Typically, grain and seed crops are harvested by having a combine harvester detach the grain from unwanted portions of the source plants and other matter, such as rocks and weeds. Specifically, a mixture of detached grain and other vegetation parts (i.e., material other than grain (“MOG”) is carried by a conveyer into the interior of the housing of the combine harvester for processing, to further separate the grain from the MOG. In the course of processing within the combine, the mixed grain and MOG are passed over sieves and chaffers which are agitated (i.e., shaken) and configured to permit the grain to fall, via gravity, through the sieve and chaffer for separation from the MOG.

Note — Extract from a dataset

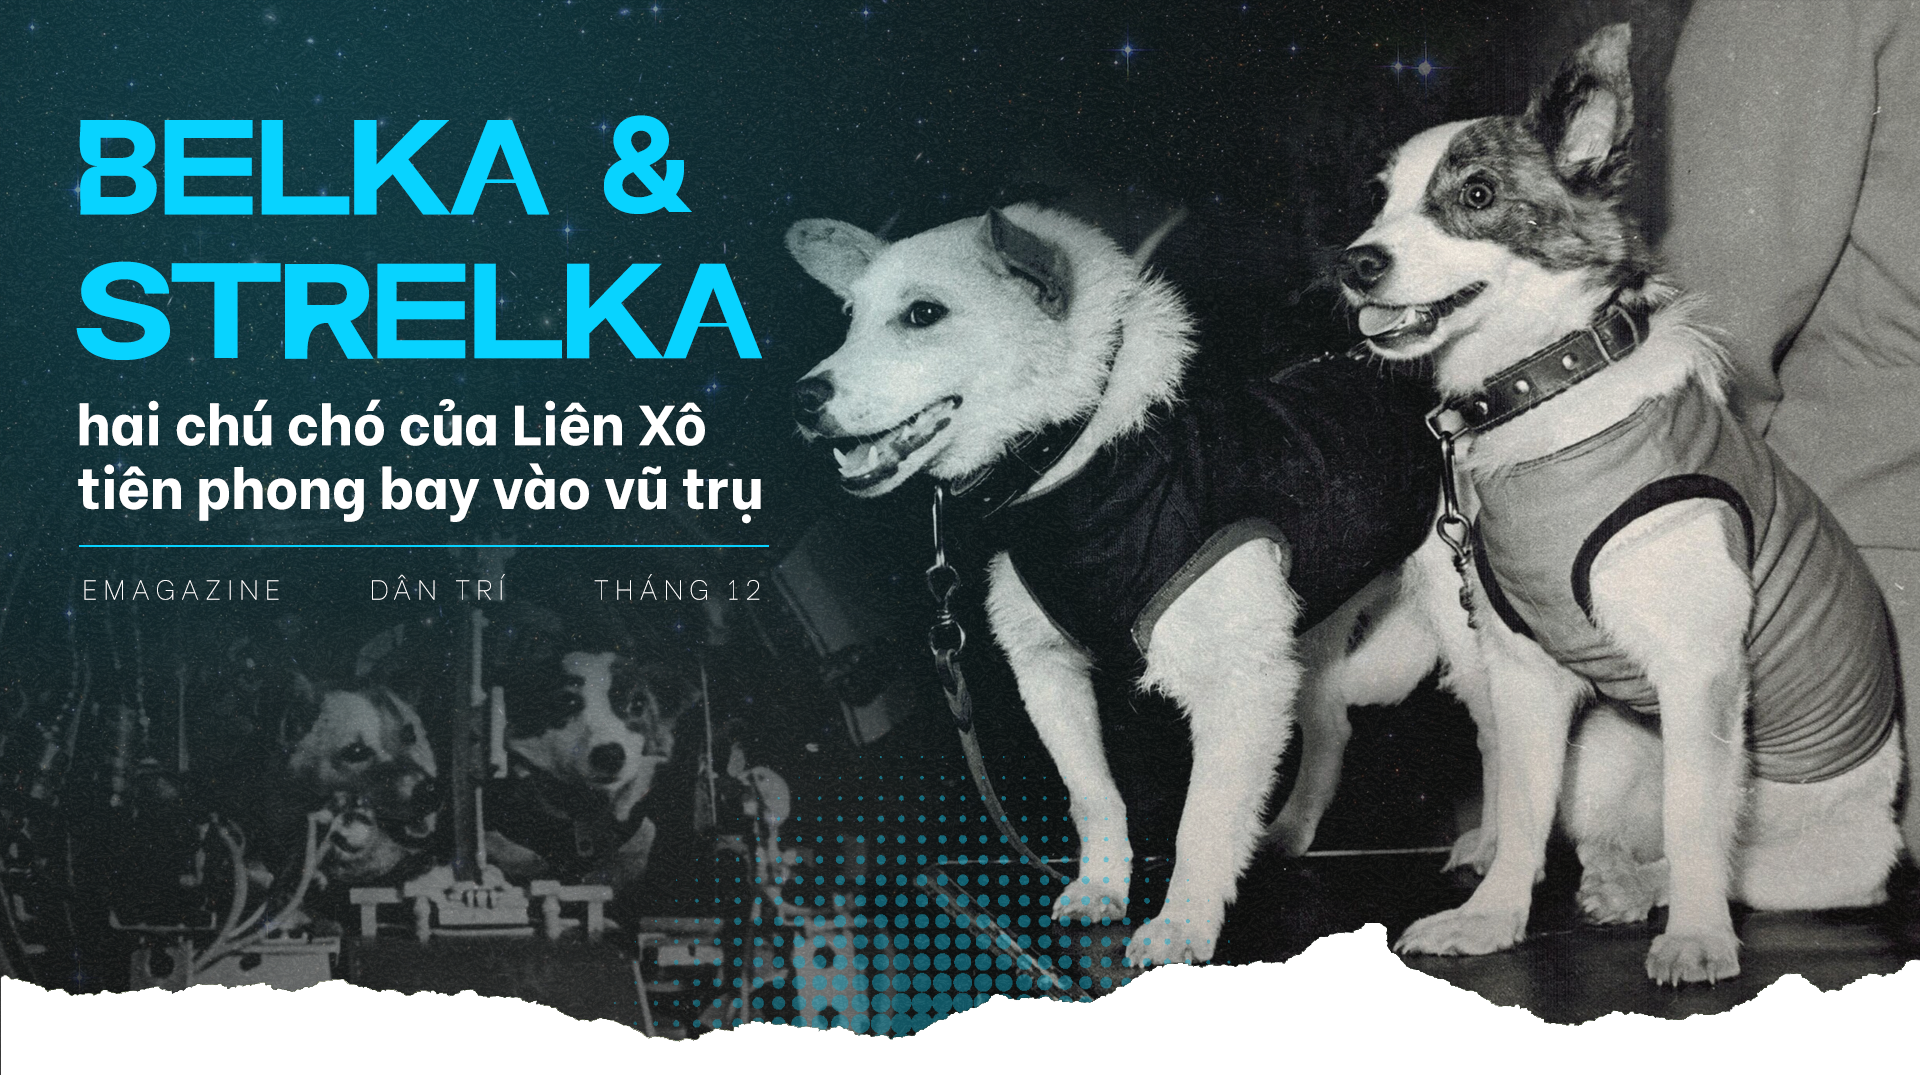 Chuyện về Belka và Strelka - hai chú chó Liên Xô tiên phong bay vào vũ trụ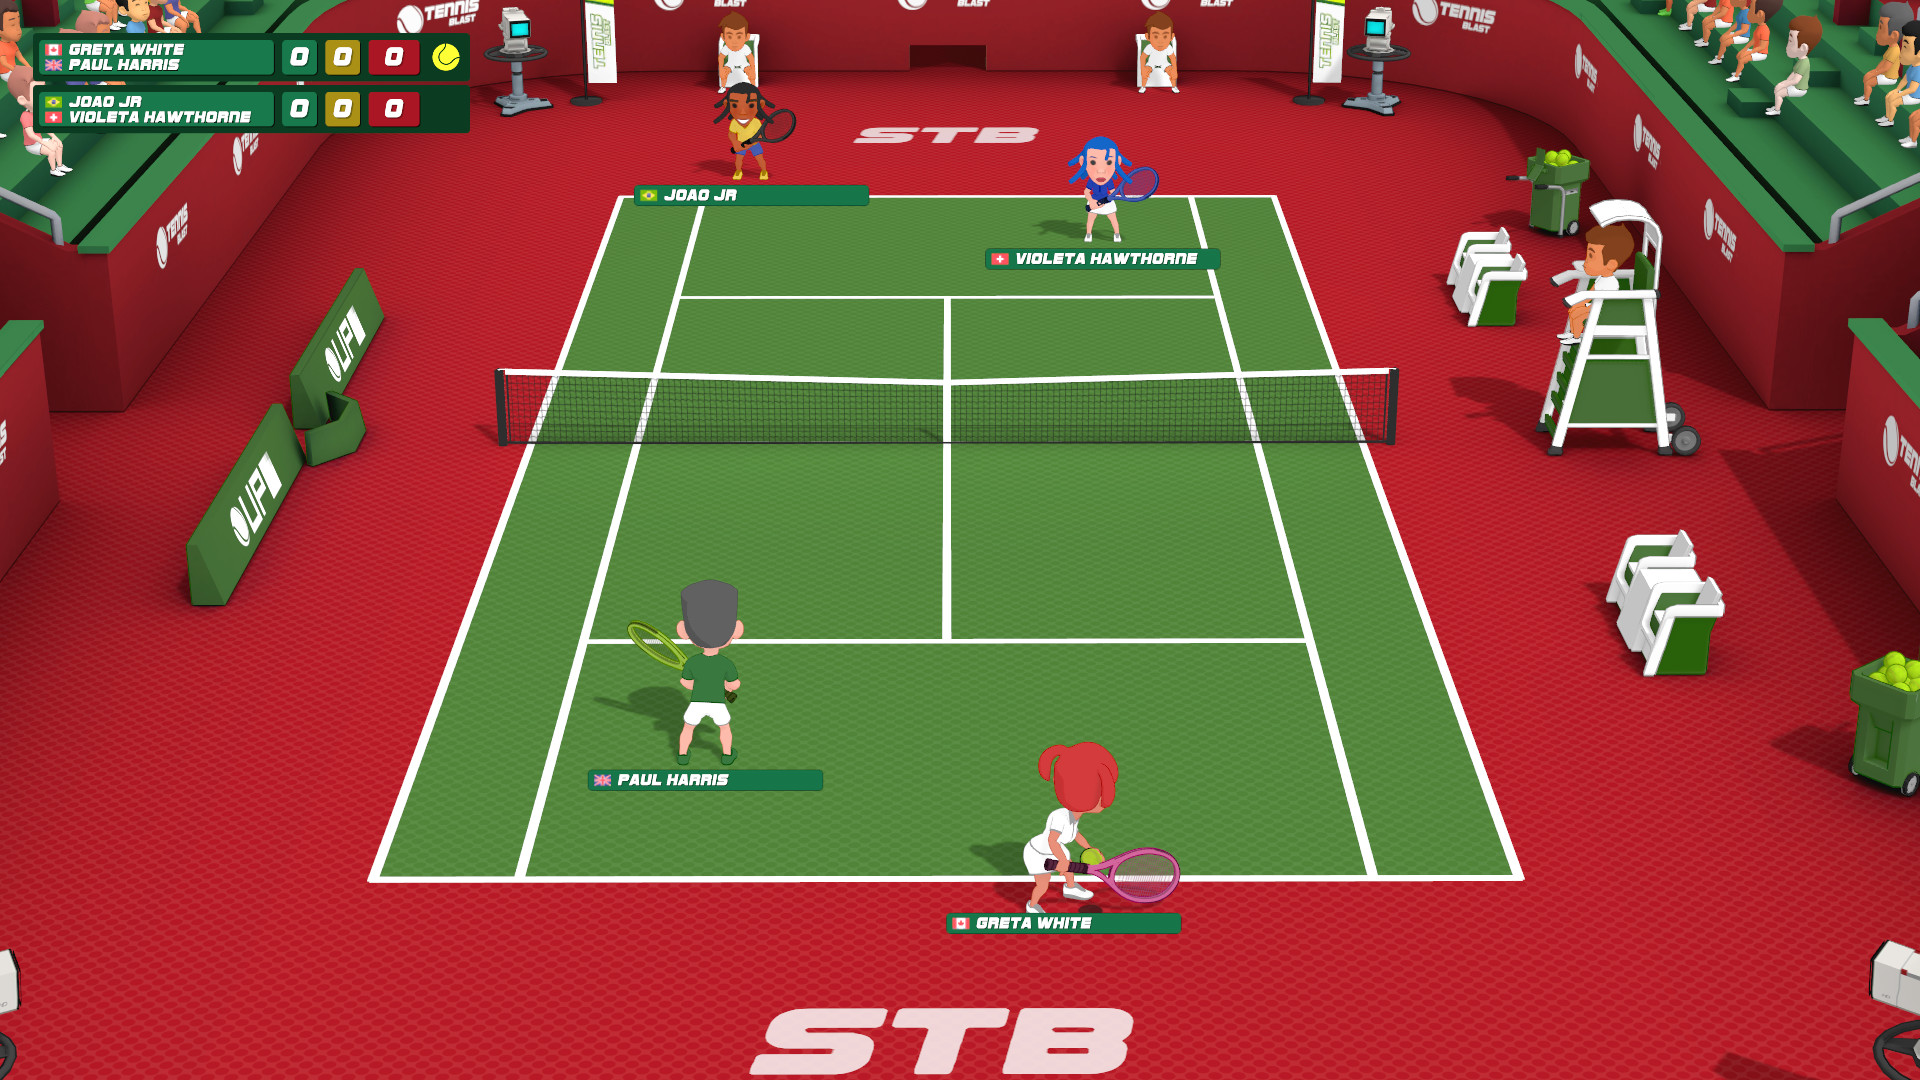 Super Tennis Blast on Steam

FIGS. 1 and 2 illustrate portions of a typical sieve and chaffer (i.e., “sieve”) 10. As shown, the sieve 10 comprises a generally rectangular frame 12 and a plurality of overlapping banks of slats or louvers 14. The slats 14 define openings through which the grain falls (i.e., by gravity). Typically, each bank of slats 14 includes two or more slats separated by one or more dividers 16 which are connected to the frame 12. Each bank of slats is mounted end-to-end on a wire 18 which is rotatably mounted to the frame 12. A typical sieve is provided as being a single rectangular frame having one or more overlapping banks of slats.

As shown in FIGS. 1 and 2, a sieve can also include a handle 20 which is connected to an elongated adjustment bar 22 which extends perpendicularly to the louver wires 18 and includes a plurality of longitudinally spaced recesses or apertures for engaging a crank on each wire 18, thereby controlling the angular disposition of the slats 14 and the size of the openings between the banks of slats. By this arrangement, the slats 14 effectively become louvers and can be adjusted, using the handle 20, to any position between fully open and fully closed. The sieve 10 is mechanically supported for reciprocal shifting movement or agitation (i.e., shaking) to cause the grain to separate from the MOG and fall downwardly through the openings between the banks of slats.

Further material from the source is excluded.